Di dalam bukunya A Grief
Observed, C.S. Lewis pernah membagikan pengalaman bagaimana ia bergumul dan
berdoa kepada Tuhan agar istrinya Joy, yang sangat dikasihinya itu disembuhkan
dari penyakit kankernya. Namun ternyata
Tuhan menjawab “Tidak.” Kematian istri
tercinta memunculkan kepedihan yang mendalam, ia mengalami suatu keadaan
kekecewaan yang begitu luar biasa. Bagi
Lewis kepedihan itu merupakan suatu tantangan yang sangat kuat bagi
imannya. Namun hal itu tidak
menghancurkan imannya kepada Tuhan melainkan hal tersebut memaksa dia untuk
lebih ingin mengenali siapa Tuhan itu sebenarnya dan apa kedudukan-Nya dalam
hidupnya. Di satu sisi ia merasa selama
ini dia telah mengenal Tuhan, namun pada sisi yang lain ia merasa sangat sulit
memahami siapakah Dia sebenarnya? Hal ini menyadarkan kita tentang suatu sikap
yang perlu bahwa betapa pun kita kecewa pada Tuhan ketika mengalami suatu
keadaan di mana rasanya Allah tak mudah di mengerti dan seakan absen dalam kehadiran-Nya,
hal itu mestinya tidak harus berakhir dengan kehancuran iman tetapi justru
menjadi persekutuan yang lebih dalam dengan Dia.
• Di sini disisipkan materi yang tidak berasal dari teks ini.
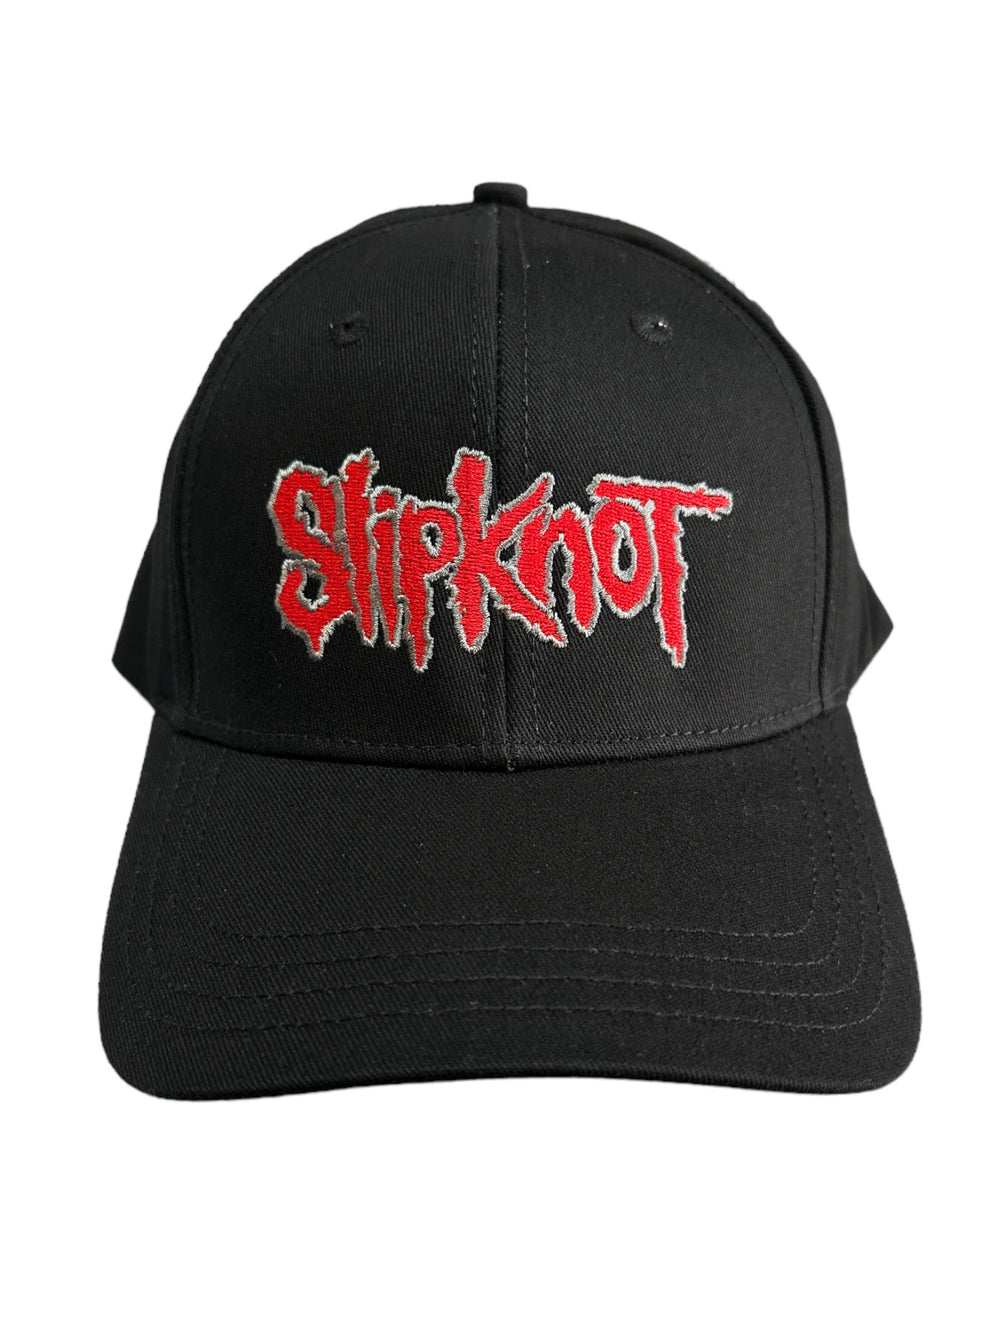 Slipknot Text Logo Official Embroidered Peak Cap Brand New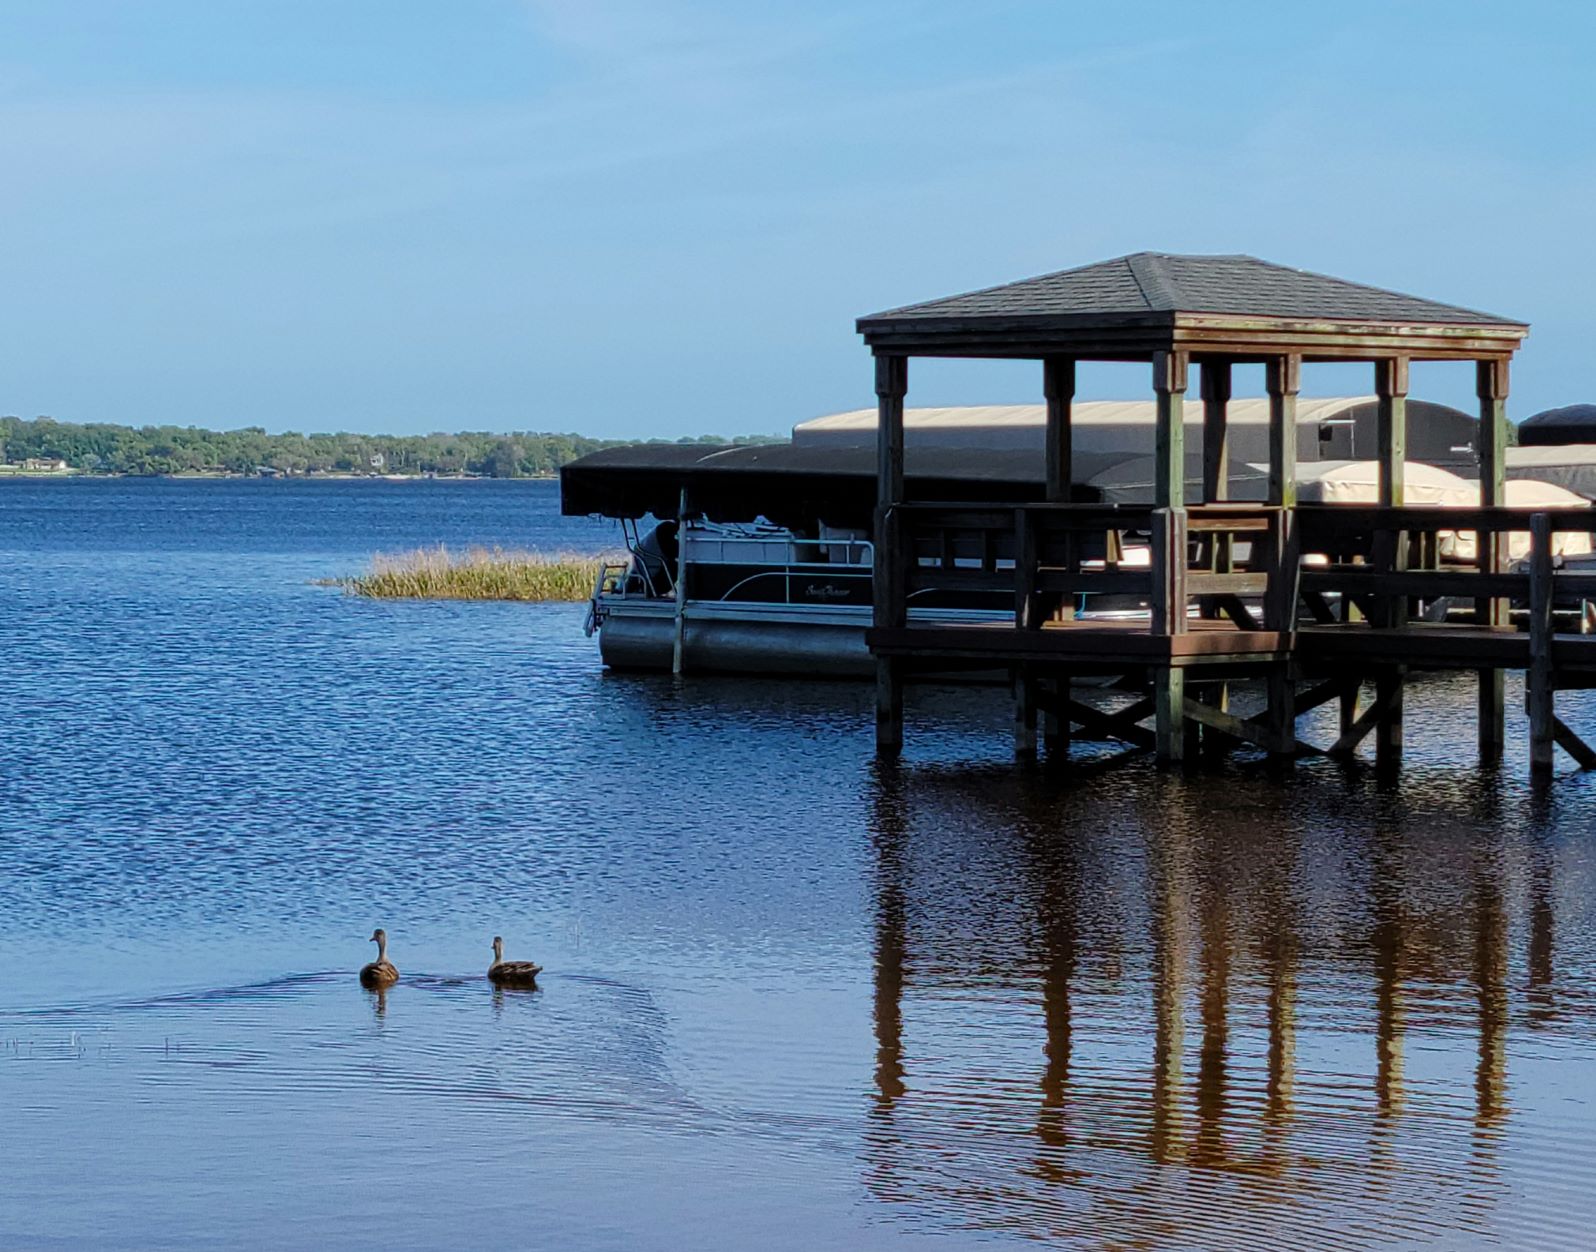 Wood ducks paddle with contentment around Lake Minneola, Florida

Pengalaman hidup seringkali
menjadi suatu pencetus yang sangat mudah untuk kita memberikan suatu gambaran
atau penamaan tentang siapakah Allah itu.
Di dalam Kejadian 16:1-15, kita diajarkan tentang suatu kebenaran yang
sangat penting bahwa Tuhan adalah El-Roi yang berarti Allah yang melihat
(ay.13). Di dalam segala situasi hidup,
semua ciptaan, termasuk manusia ada dalam perhatian-Nya. Di padang gurun
itu, Tuhan telah melihat pergumulan
Hagar. Perjumpaan Hagar dengan Tuhan
justru saat terjadi suatu “kemalangan” dalam hidupnya. Bagi Hagar perjumpaan
ini adalah suatu perjumpan yang sangat istimewa dan luar biasa. Sebelumnya ia
tidak pernah berdoa dan berharap untuk berjumpa dengan Tuhan. Namun siapa
sangka ternyata, perjumpaan itu menjadi momentum yang sangat penting dan
membuat Hagar memberi kesimpulannya tentang Allah, “Engkaulah El-Roi.” Apakah
Allah hanya melihat Hagar pada kondisi ini saja dan ada kejadian hidup yang
terjadi pada Hagar yang tidak Tuhan lihat? Tentu saja tidak, Allah melihat
Hagar dari sebelum ia ada dan bahkan sampai akhir kehidupannya. Allah bahkan melihat bagaimana keadaan hidup
Ismael ke depan akan seperti apa dan akan menjadi apa? Mata Tuhan melihat tidak
dibatasi oleh ruang dan waktu. Dan karena Tuhan melihatnya, itulah yang membuat
Hagar bahagia. Itu juga berarti ketika ia berada di dalam rumah nyonyanya dalam
kondisi yang tidak menyenangkan sekalipun Tuhan melihatnya. Itu sebab ketika mendengar permintaan
Malaikat Tuhan itu kepadanya untuk kembali kepada nyonyanya meski akan
mengalami penindasan, Hagar mau mengikuti dengan taat. Dalam hal ini Hagar dibawa untuk melihat
bukan hanya fenomena tentang pekerjaan Allah tetapi Ia melihat tentang siapakah
Allah itu? Itu sebab Ia tidak ragu untuk mengikuti perintah-Nya untuk
kembali. Baginya Allah adalah Allah yang
selalu dapat dipercaya di dalam perkataan-Nya dan janji-janji-Nya. Keadaan yang
pahit, yang tidak ia suka, yang tidak menyenangkan, tidak membuatnya kecewa dan
marah kepada Allah. Terlalu banyak orang
Kristen yang melihat Allah secara fenomena saja, namun tidak mengenal dan mengalami-Nya
secara pribadi. Hidup keber-Allah-an hanya dipenuhi dengan koleksi-koleksi
mujizat, karunia rohani dan kesaksian-kesaksian hidup saja namun minus
pengenalan yang utuh akan Dia. Sehingga ketika mereka bertemu dalam pengalaman
hidup yang tidak menyenangkan mereka menjadi segera kecut dan kecewa. Semoga kita terus membangun diri dalam
pengenalan yang utuh akan Dia, sehingga kalau pun warna hidup tak sejalan dan
Tuhan seakan berada dalam ke-tiadaan tak membuat kita mempertanyakan-Nya.